On the other hand, the 13 per cent offer is something short of the ATM cash machine promised by Senator O'Toole. Teachers may have fared better than most other sectors from the process, but 13 per cent is some distance from the expectations of teachers even a year ago.

But the changing economic backdrop has reduced these expectations and perhaps weakened the stomach for battle among teachers. The changing mood was evident recently when over 87 per cent of TUI members voted to back the Government's revised offer on supervision payments.

One ASTI hardliner admits he was stunned by this vote from a traditionally militant union. Teachers, he said, appeared to be settling for a quiet life again.

Even before the report is published today, there are already signals that the INTO and the TUI are ready to cut a deal. The TUI's wily general secretary, Mr Jim Dorney, said yesterday the union's decision to co-operate with benchmarking had been fully vindicated. The body, he said, had acknowledged how teachers' pay had fallen behind. The new general secretary of the INTO, Mr John Carr, was also cautiously optimistic.

For both unions the key issue now will be the phasing-in of the new deal. The Government is already committed to paying 25 per cent of the award from last December. It would like to delay full payment until 2004, but the speedy implementation of the Buckley review findings for the most senior ranks of the public service will not help its case.

Both the INTO and the TUI will not be slow to remind the Government that they risked a great deal by staying within the partnership tent and signing up to benchmarking while the ASTI closed schools and cut up rough outside it.

Both the TUI and the INTO believe it is now payback time. If the Government agrees to the swift implementation of the 13 per cent. both unions are likely to recommend acceptance of the offer to members in separate ballots in the autumn.

Sources in both unions were anxious to talk up the deal yesterday. One said: "Teachers have got 13 per cent from benchmarking, 22 per cent from the national pay deal, up to 3 per cent from the new supervision offer plus the tax cuts of recent years. By any standards we have done well despite all the commotion from the ASTI."

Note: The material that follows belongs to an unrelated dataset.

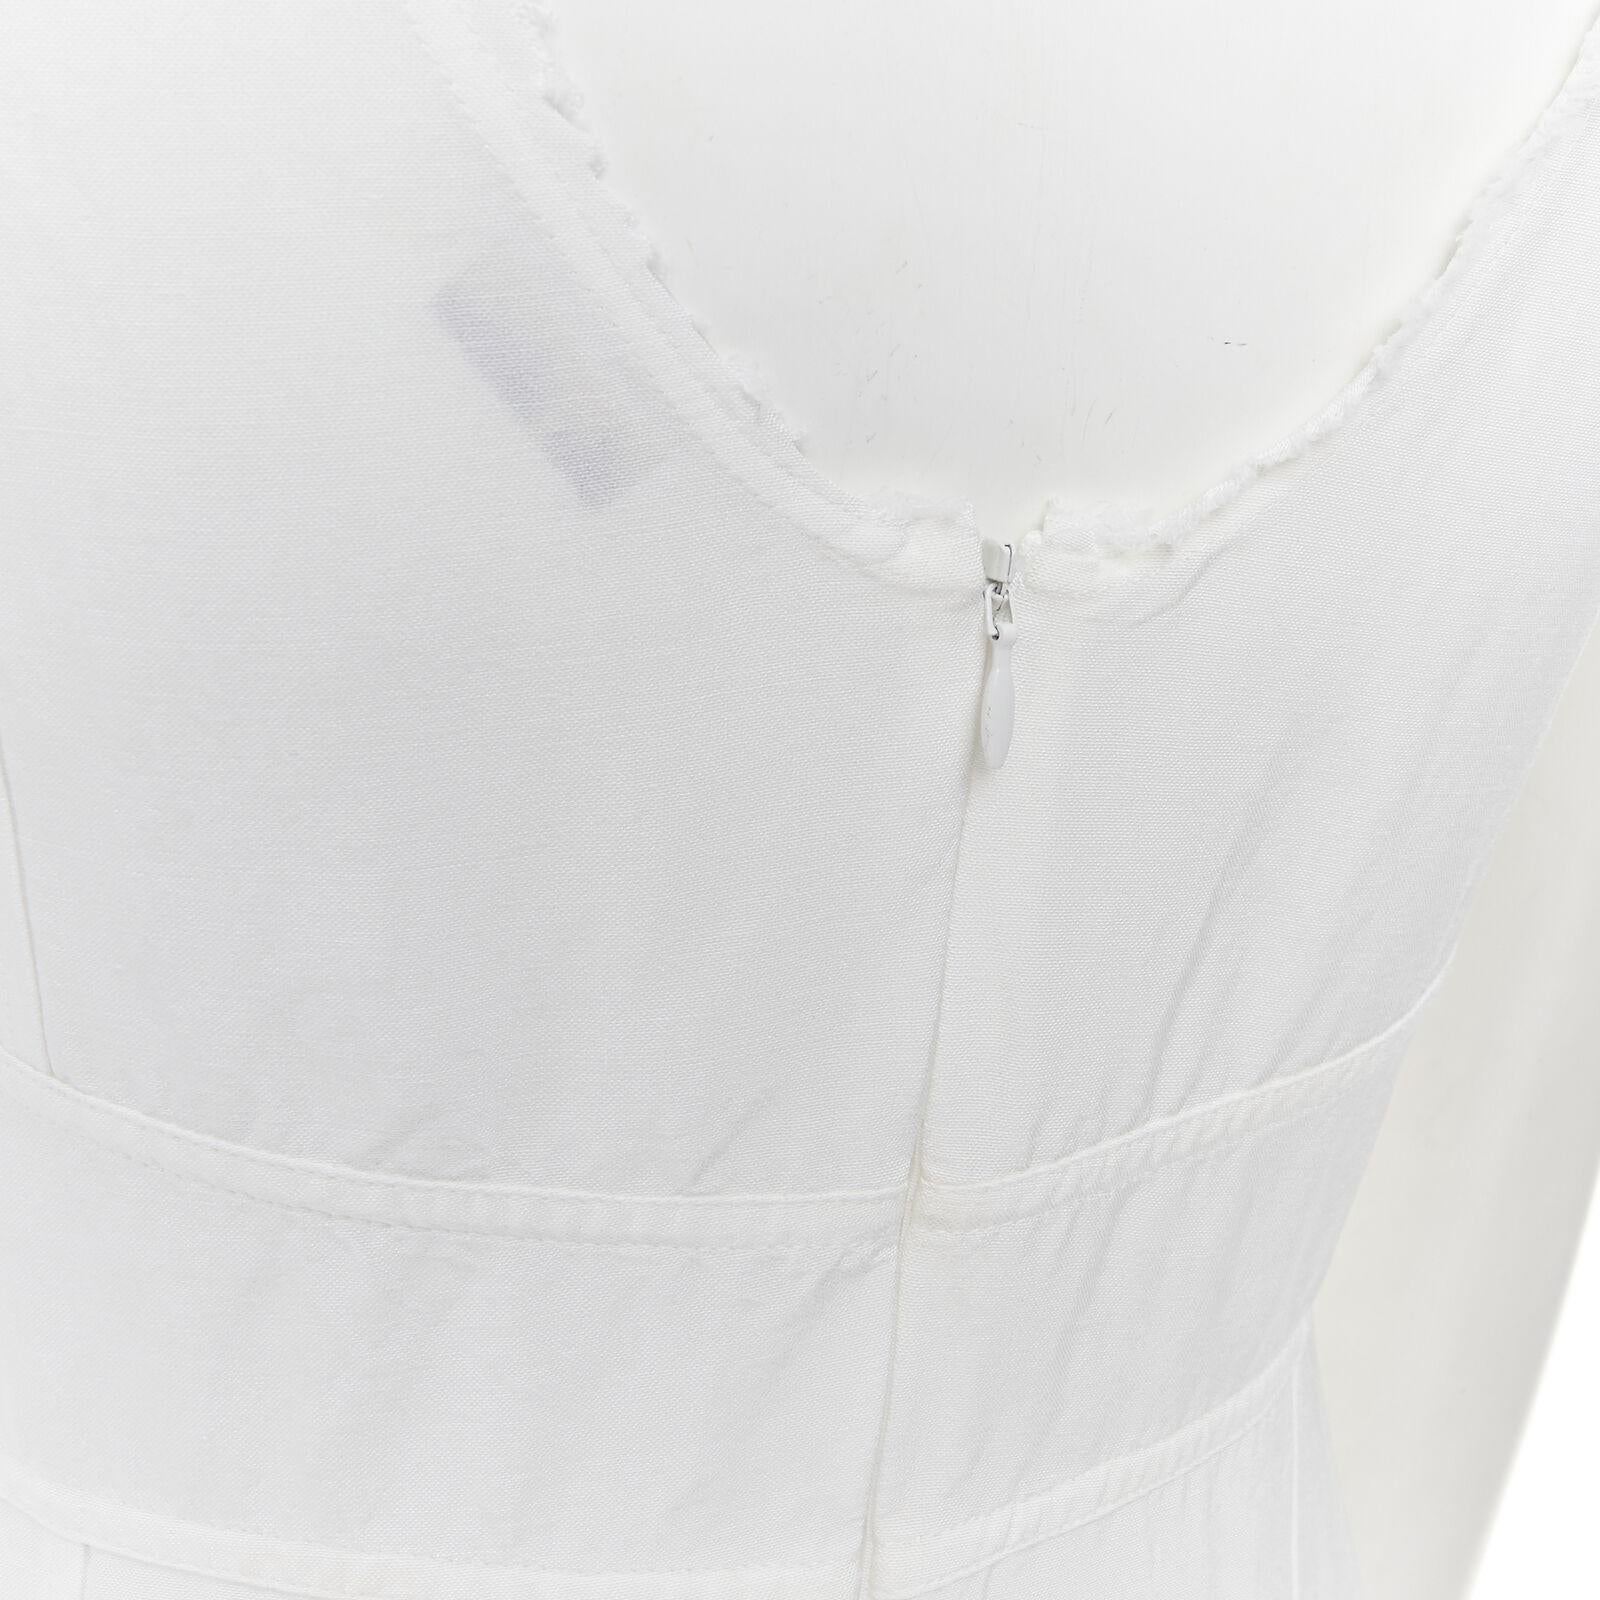 new CELINE PHOEBE PHILO 2017 Yves Klein body print cotton dress FR34 XS 2

Which brings us to the ASTI itself. The union famously opted out of benchmarking and has consistently refused to have any truck with the process. The new leadership of the union, the incoming president, Mr P.J. Sheehy and vice-president, Mr Pat Cahill, have been ferocious critics of benchmarking. Both have been critical of their own general secretary, Mr Charlie Lennon, and his more measured approach to pay negotiations.

The new leadership now needs to address some awkward questions. Is it ready to back strike action to secure more than 13 per cent? Is there any realistic hope that the re-elected Government will give in to its demand, especially given the state of the public finances? Will its members back a new wave of disruption in the autumn? Will the union itself come under grassroots pressure to put the benchmarking offer to a ballot of its own members?